ONNX、PaddlePaddle:直接支持的格式,OpenVINO 提供 C++ 和 Python API 用于将它们直接导入 OpenVINO Runtime,无需任何事先转换。
TensorFlow、PyTorch、MXNet、Caffe、Kaldi:间接支持的格式,它们需要转换为前面列出的格式之一。使用模型优化器执行从这些格式到 OpenVINO IR 的转换。在某些情况下,需要使用其他转换器作为中介。
1)mo参数说明
# 可选参数:
--framework {onnx,mxnet,tf,kaldi,caffe,paddle}
# 与框架无关的参数:
--input_model INPUT_MODEL, -w INPUT_MODEL, -m INPUT_MODEL
--model_name MODEL_NAME, -n MODEL_NAME
输出IR文件名
--output_dir OUTPUT_DIR, -o OUTPUT_DIR
--input_shape INPUT_SHAPE
模型输入节点的shape,也可以使用--input参数设置input_shape
--scale SCALE, -s SCALE
原始网络中所有的input会除以这个值。
--reverse_input_channels
转换通道,从RGB→BGR
--log_level {CRITICAL,ERROR,WARN,WARNING,INFO,DEBUG,NOTSET}
Logger level
--input INPUT
带""的字符串,用逗号分隔的输入节点信息,包括名称、形状、数据类型等。
--output OUTPUT
指定模型的输出节点
--mean_values MEAN_VALUES, -ms MEAN_VALUES
对输入图像的每一个通道设置mean值
--scale_values SCALE_VALUES
对输入图像的每一个通道设置scale值
--source_layout SOURCE_LAYOUT
Layout of the input or output of the model in the framework. Layout can be specified in
the short form, e.g. nhwc, or in complex form, e.g. "[n,h,w,c]". Example for many names:
"in_name1([n,h,w,c]),in_name2(nc),out_name1(n),out_name2(nc)". Layout can be partially
defined, "?" can be used to specify undefined layout for one dimension, "..." can be used
to specify undefined layout for multiple dimensions, for example "?c??", "nc...", "n...c",
etc.
--target_layout TARGET_LAYOUT
Same as --source_layout, but specifies target layout that will be in the model after
processing by ModelOptimizer.
--layout LAYOUT Combination of --source_layout and --target_layout. Can't be used with either of them. If
model has one input it is sufficient to specify layout of this input, for example --layout
nhwc. To specify layouts of many tensors, names must be provided, for example: --layout
"name1(nchw),name2(nc)". It is possible to instruct ModelOptimizer to change layout, for
example: --layout "name1(nhwc->nchw),name2(cn->nc)". Also "*" in long layout form can be
used to fuse dimensions, for example "[n,c,...]->[n*c,...]".

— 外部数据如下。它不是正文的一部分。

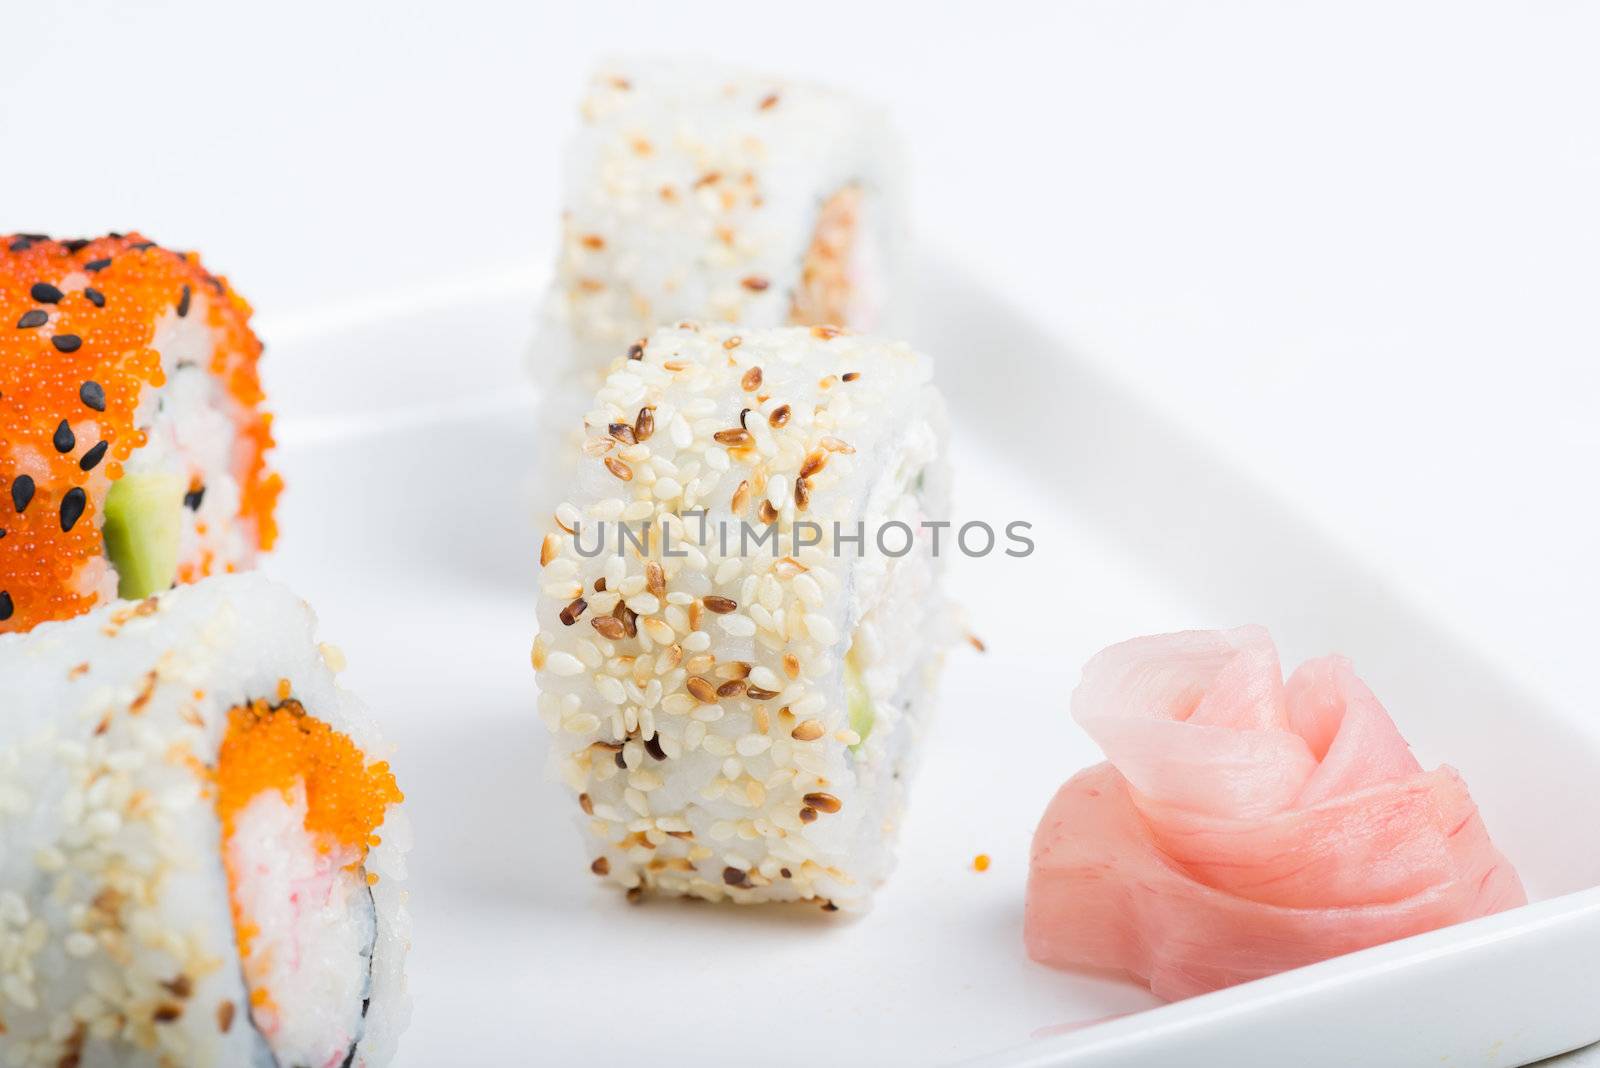 Sushi set with ginger rose on the plate

--data_type {FP16,FP32,half,float}
数据类型,该参数决定了模型的精度。
--transform TRANSFORM
Apply additional transformations. Usage: "--transform
transformation_name1[args],transformation_name2..." where [args] is key=value pairs
separated by semicolon. Examples: "--transform LowLatency2" or "--transform
LowLatency2[use_const_initializer=False]" or "--transform "MakeStateful[param_res_names={'
input_name_1':'output_name_1','input_name_2':'output_name_2'}]"" Available
transformations: "LowLatency2", "MakeStateful"
--disable_fusing [DEPRECATED] Turn off fusing of linear operations to Convolution.

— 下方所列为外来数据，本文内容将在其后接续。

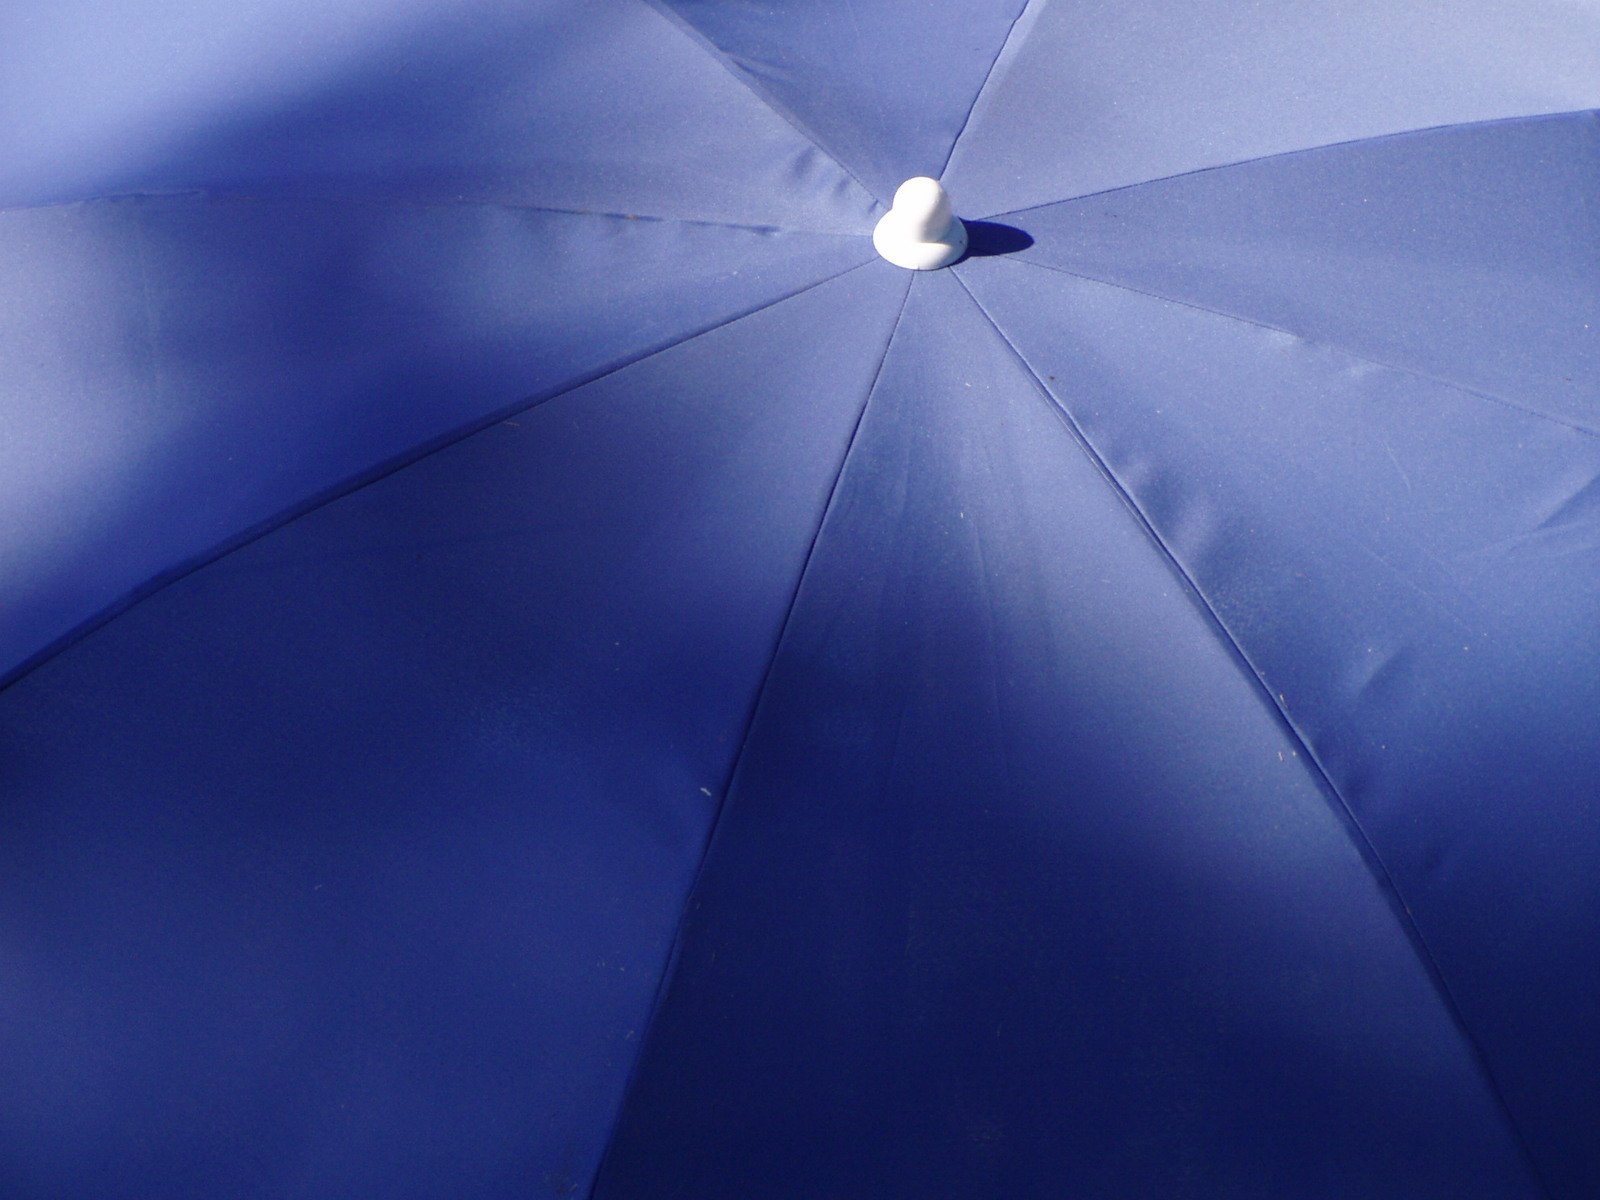 the underside of a blue umbrella with a light on it

--disable_resnet_optimization
[DEPRECATED] Turn off ResNet optimization.
--finegrain_fusing FINEGRAIN_FUSING
[DEPRECATED] Regex for layers/operations that won't be fused. Example: --finegrain_fusing
Convolution1,.*Scale.*
--enable_concat_optimization
[DEPRECATED] Turn on Concat optimization.
--extensions EXTENSIONS
Paths or a comma-separated list of paths to libraries (.so or .dll) with extensions. For
the legacy MO path (if `--use_legacy_frontend` is used), a directory or a comma-separated
list of directories with extensions are supported. To disable all extensions including
those that are placed at the default location, pass an empty string.
--batch BATCH, -b BATCH
Input batch size
--version Version of Model Optimizer
--silent Prevent any output messages except those that correspond to log level equals ERROR, that
can be set with the following option: --log_level. By default, log level is already ERROR.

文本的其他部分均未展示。